# Problem statement:
With the pictures left out, set down the line containing "Catholic Lawyers Guild of Central Florida" and each line after it to the end of the material, exactly as written.

# Data below:
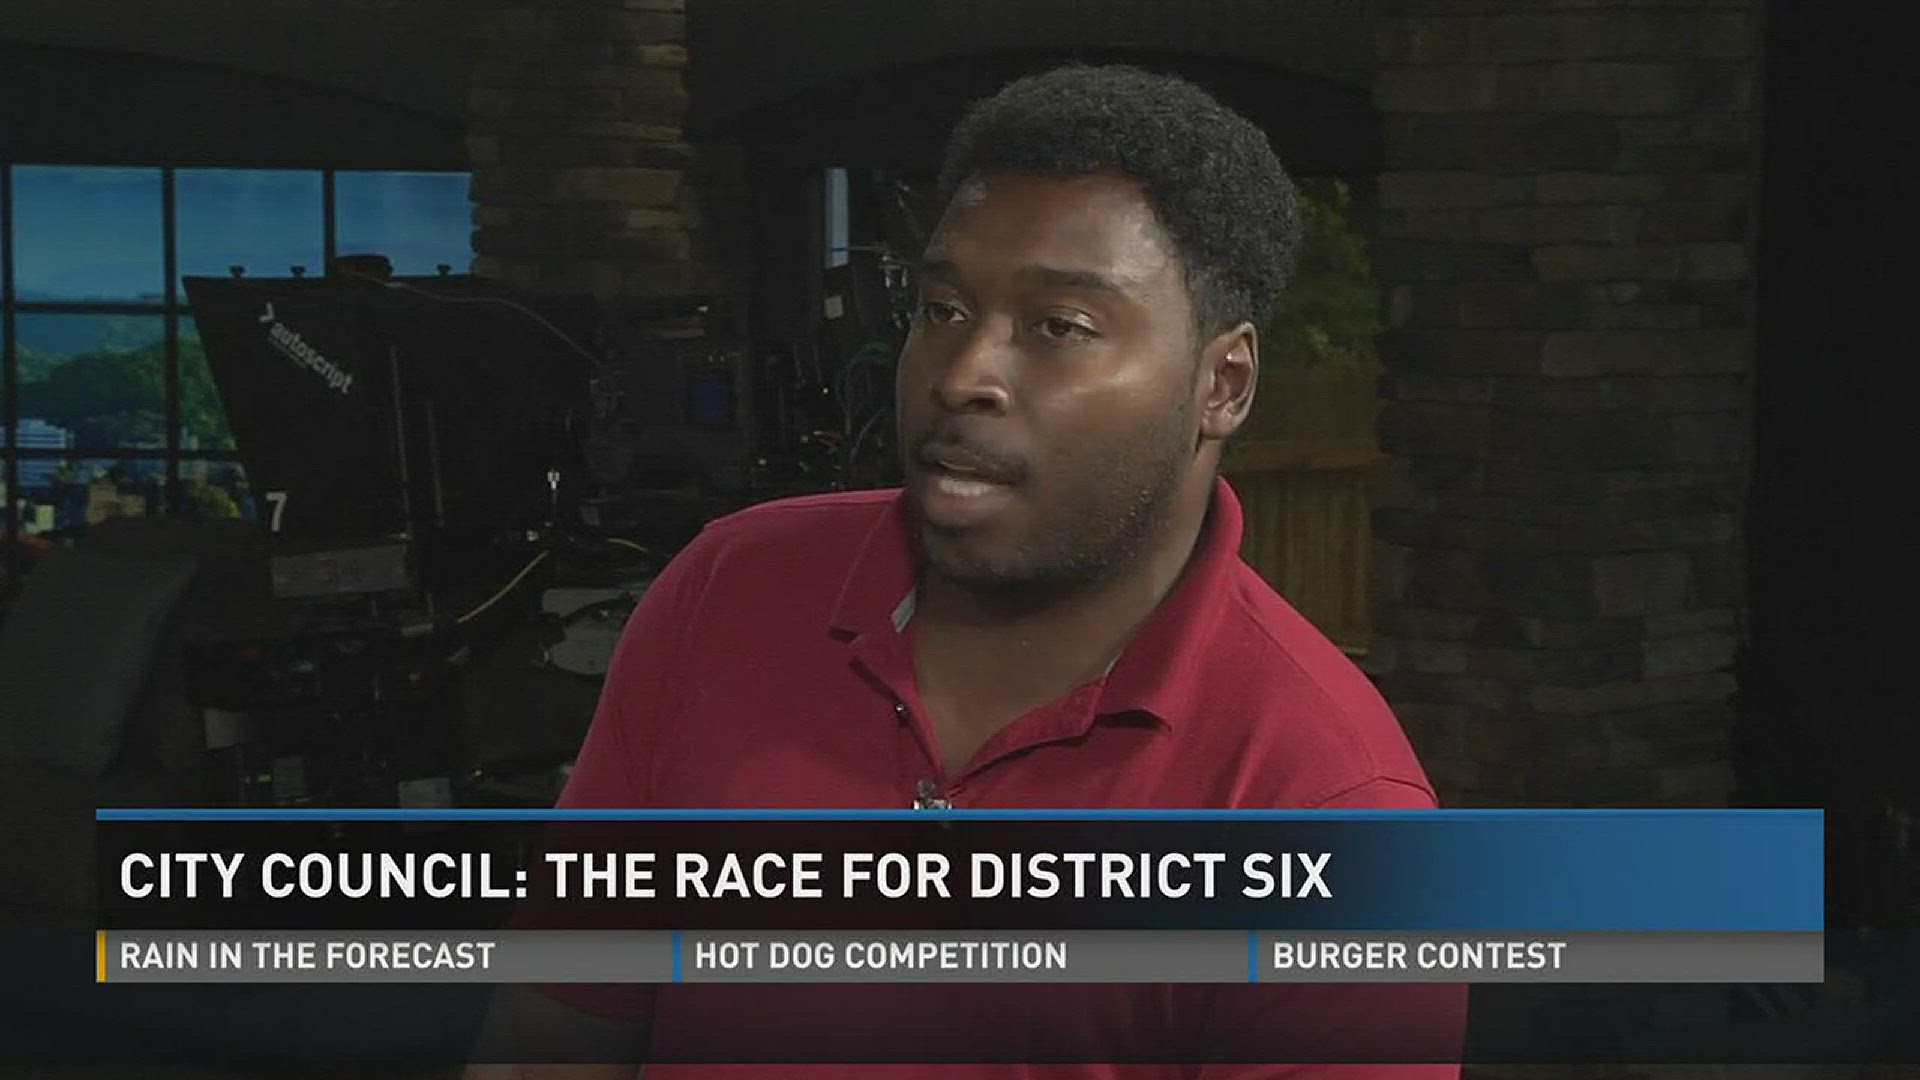 Knoxville city council race: district 6 candidate David Gillette
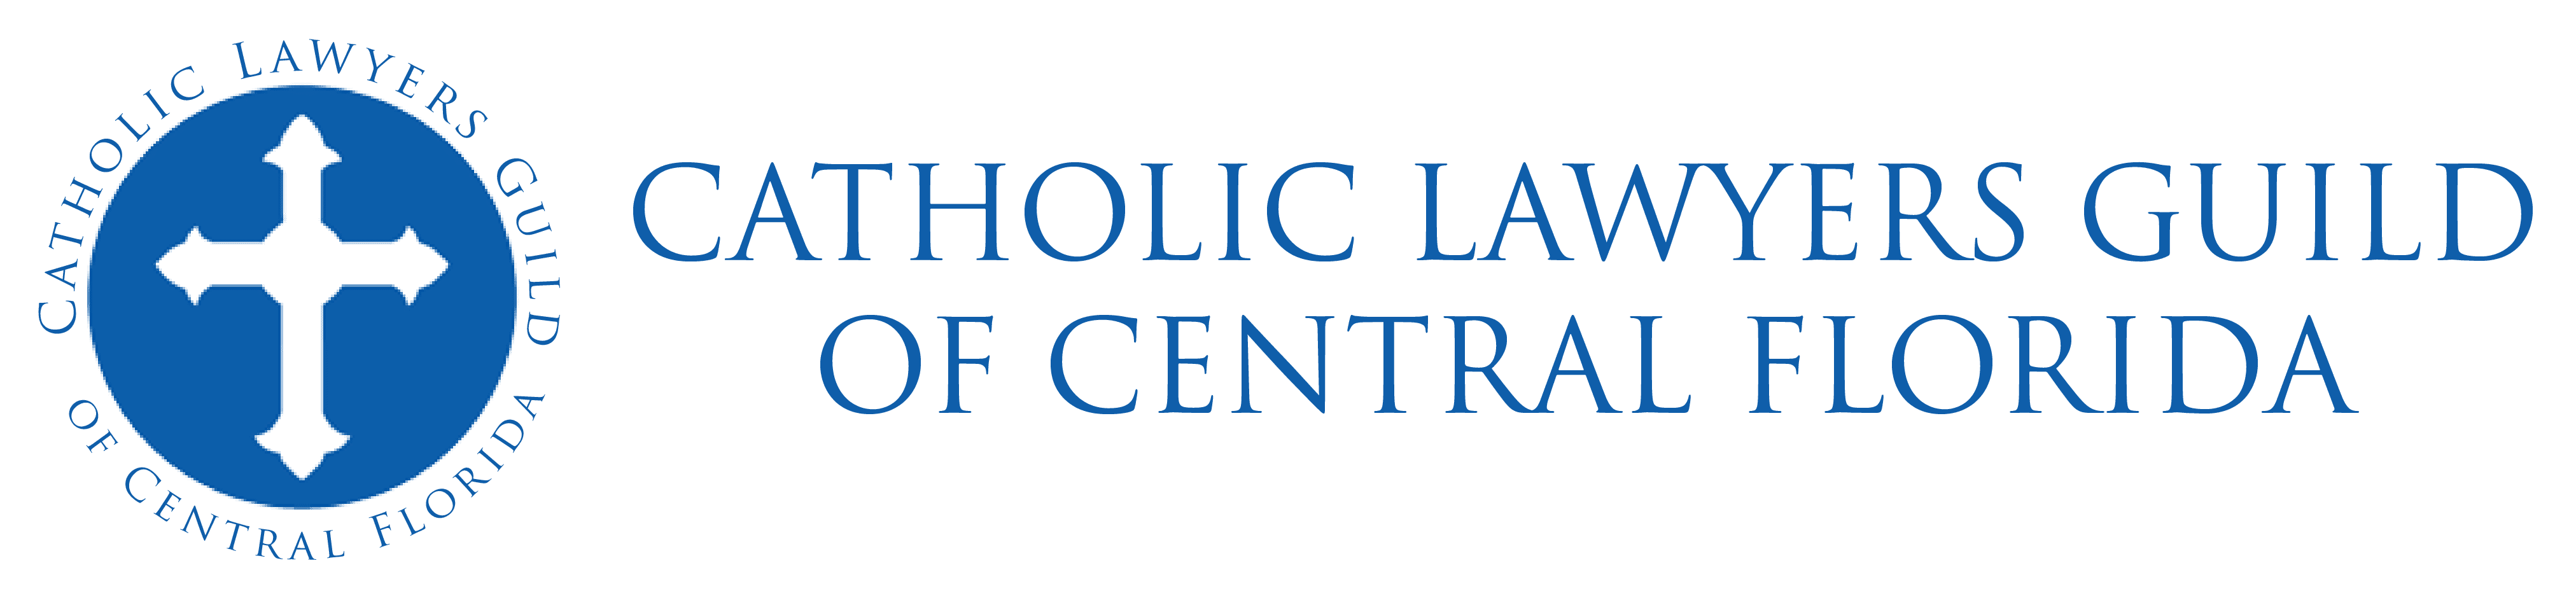 Catholic Lawyers Guild of Central Florida
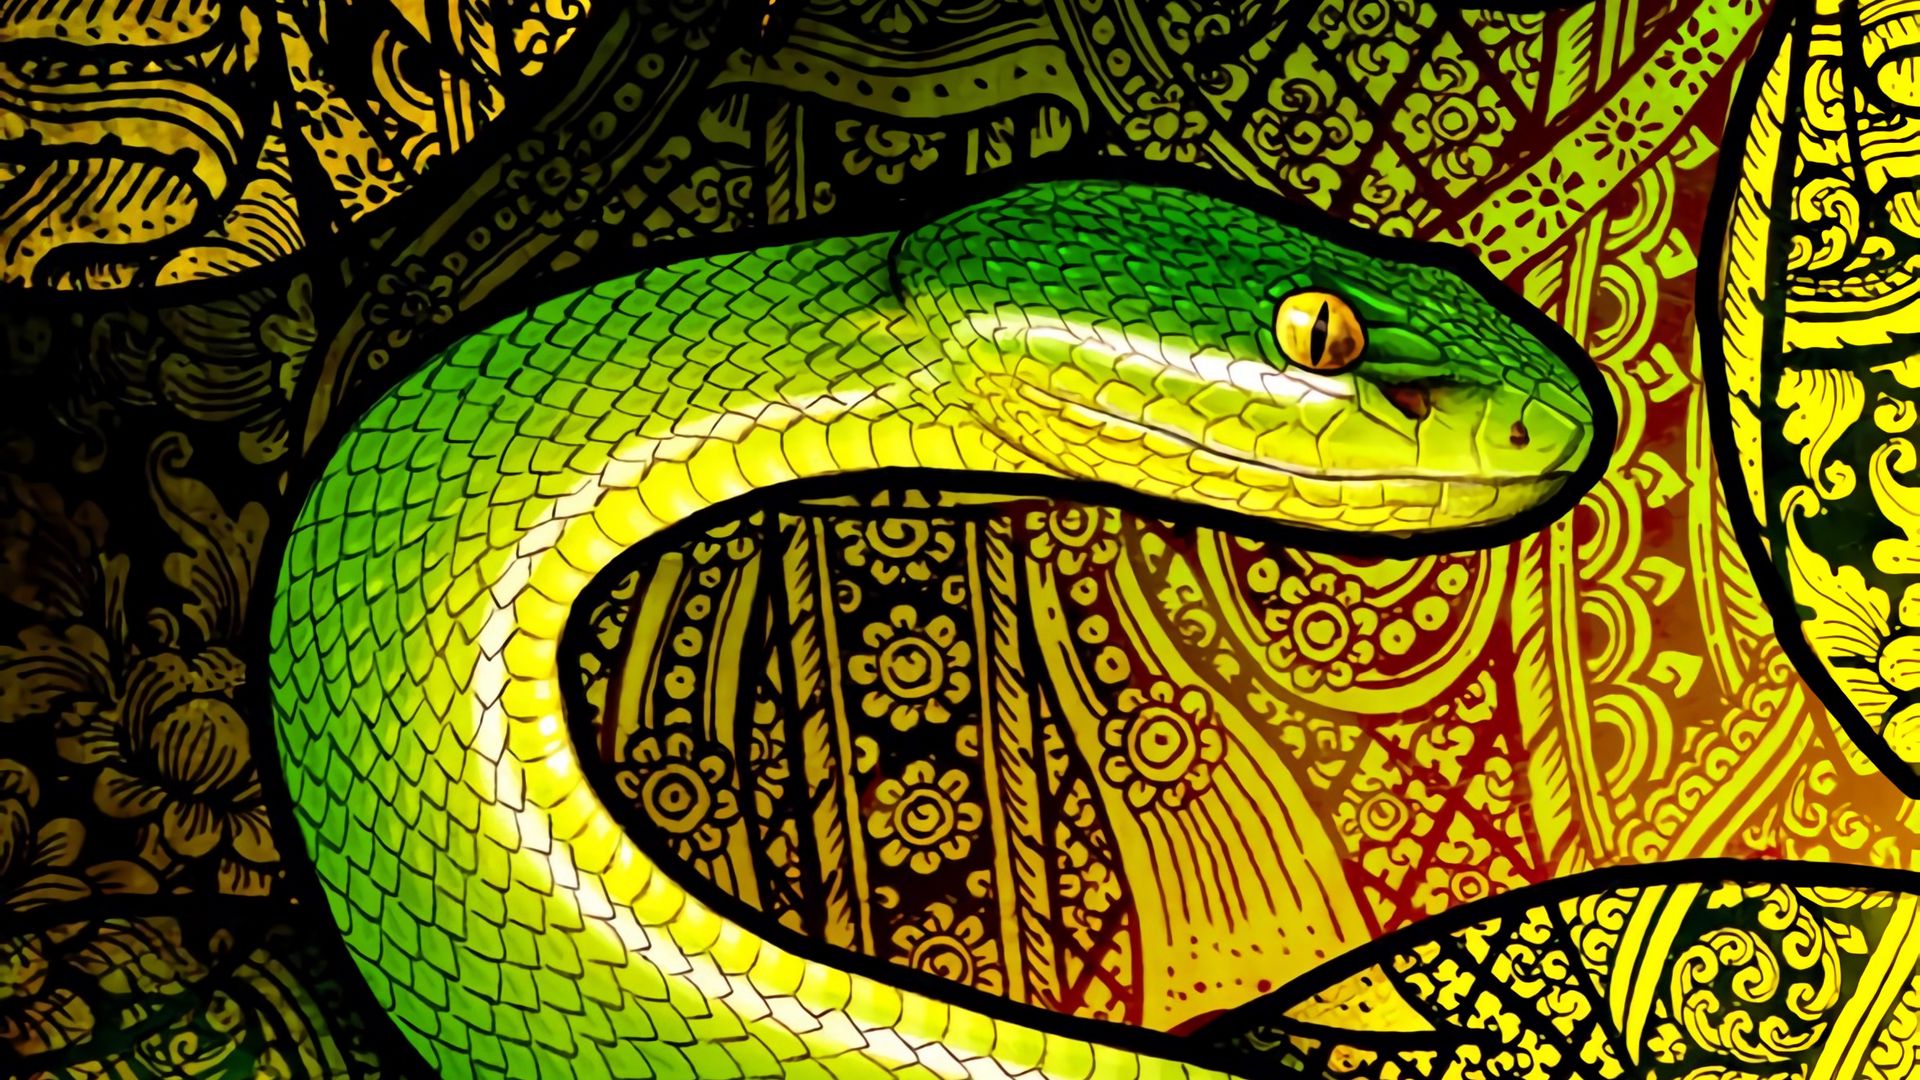 Download wallpaper 1920x1080 snake, reptile, pattern, art full hd, hdtv,  fhd, 1080p hd background

# Answer section:
 Catholic Lawyers Guild of Central Florida
 Download wallpaper 1920x1080 snake, reptile, pattern, art full hd, hdtv,  fhd, 1080p hd background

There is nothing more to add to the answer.